Farming
FARMER'S DIARY: Commitment needed for climate change
Posted Wednesday, December 14 2011 at 00:00
I have received over 60 e-mails from a number of persons that attended the United Nations Conference on Climate Change (CoP 17), which ended on Friday, December 9, 2011, in Durban, South Africa. If I do not share the content of some e-mails, their commendable efforts will have been in vain.
This important meeting discussed an issue that is bound to affect Africa the most but about which its citizens can do little on their own to offset. Yet not even is Africa to be held accountable for its cause!
According to a publication from Panos, Just a Lot of Hot Air?, climate change, or global warming, was caused by the industrialised countries’ massive combustion of fossil fuels—coal, oil and gas—in their industries, which emitted enormous quantities of greenhouse gases: carbon dioxide, methane and nitrous oxide—into the atmosphere.
The concentrations of these gases have risen much faster than natural processes can remove them. (One such natural process is that plants take in carbon dioxide and breathe out oxygen. But now there is far more carbon dioxide in the atmosphere than the available plants can take in.)
“Carbon dioxide is critical for maintaining the temperature in which life flourishes,” the book says. “Released into the atmosphere, carbon dioxide remains there for around 100 years, causing the atmosphere to retain more of the infrared heat radiated from the earth’s surface, thus leading to a gradual rise in temperature.” Methane and nitrous oxide are smaller in volume but they are even more potent.
Make agriculture difficult
All this has resulted in the world heating up faster—temperatures are rising more quickly now and are feared to rise by two degrees Celsius soon if emission of greenhouse gases is not checked. In some parts of the world, like in Africa, the rise in temperature and reduced water supplies will make agriculture difficult. The ice in the Arctic zone is said to be gradually melting and sending more water into the oceans thus threatening many island states with submersion and extinction.

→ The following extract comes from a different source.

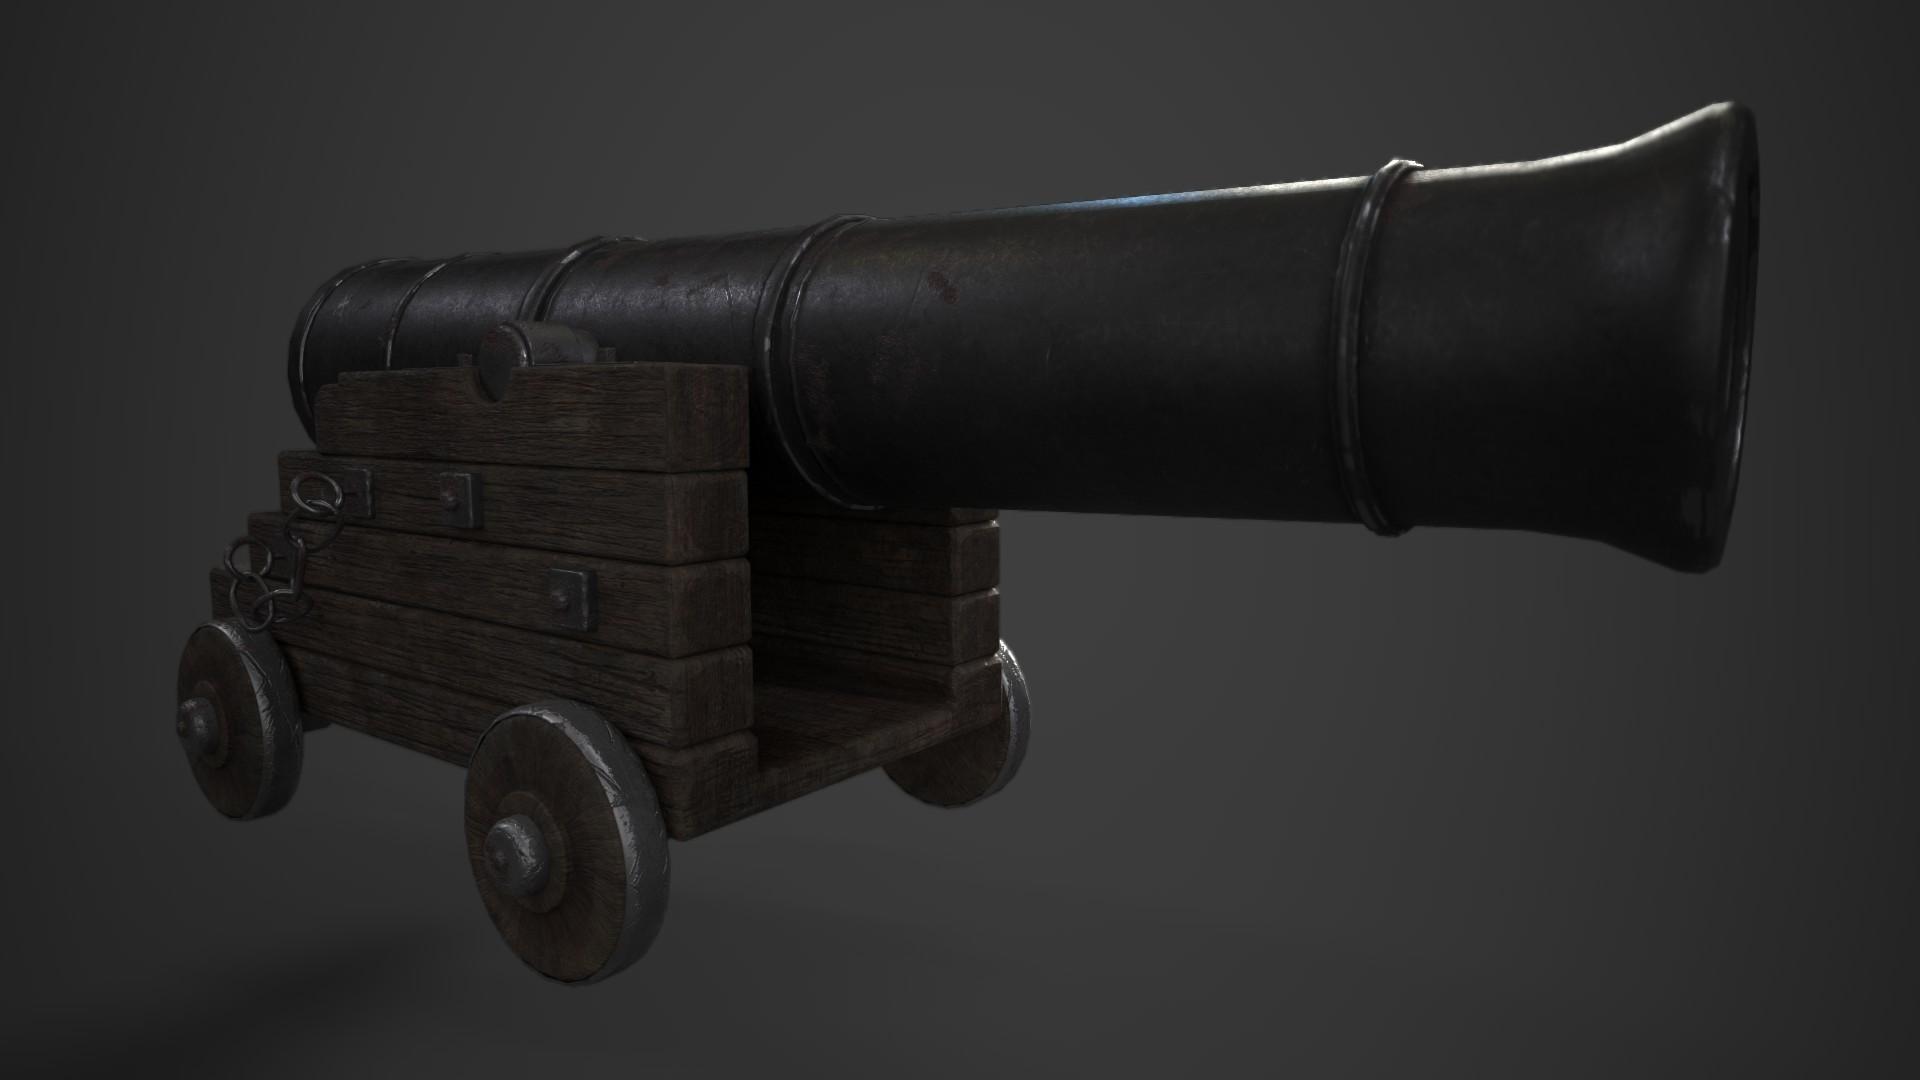 Philipp schmidt cannon 1

It is also feared that low-lying countries like Egypt are at risk. We are bound to experience abnormal weather patterns like severe droughts and floods—these are no catalysts for successful farming. So, most of the deliberations in Durban were about persuading the industrialised countries to reduce their use of fossil fuels, and to provide funding for efforts to mitigate climate change in the disadvantaged countries.
Trouble is that most of the industrialised countries fear that reducing the use of fossil fuels in their industries will cripple their economies. Some scientists in these countries have disputed the existence of climate change and have called it a great hoax. There is also the argument that the developing countries themselves are oil producers or importers and are emitting the same greenhouse gases into the atmosphere as well as destroying forests that would serve to absorb the gases.
Bishop Geoff Davies, representing Southern African Faith Communities Environment Institute, told the Durban conference that the rich countries’ behaviour is comparable with apartheid. “Here, we are on South African soil where apartheid was defeated. Yet we are seeing global apartheid. Rich countries are keeping wealth and power for themselves. It is immoral for nations to say they will go on emitting dangerous gases. Scientists say that African temperatures will increase twice the global average. We worship a creator God and we are in the process of destroying that creation.”
Speaking on behalf of all African countries, Mr Tosi Mpanu Mpanu of DR Congo told the conference, “We are talking to the developed countries about how they can meet their historical responsibilities to deliver a fair and just climate deal for the world.”
Lack of commitment
Kofi Annan, former UN Secretary General, called for developed countries to deliver on their commitment to mobilise US$100 billion by 2020 for the Green Climate Fund and clarify where the money will be sourced and how it will be accessed.
It is too early to believe that anything substantial will come out of that Durban conference because we have seen so many such conferences before about climate change whose commitments have not been respected. The first World Climate Change Conference took place in 1979. Then there was the UN Framework Convention on Climate Change (UNFCCC) in Rio de Janeiro, in I992. There were others including the Kyoto Protocol and, more recently, the Cancun or Copenhagen Climate Change Conferences.
It is still the same story: a lack of commitment on the part of rich nations towards the reduction of greenhouse gas emissions.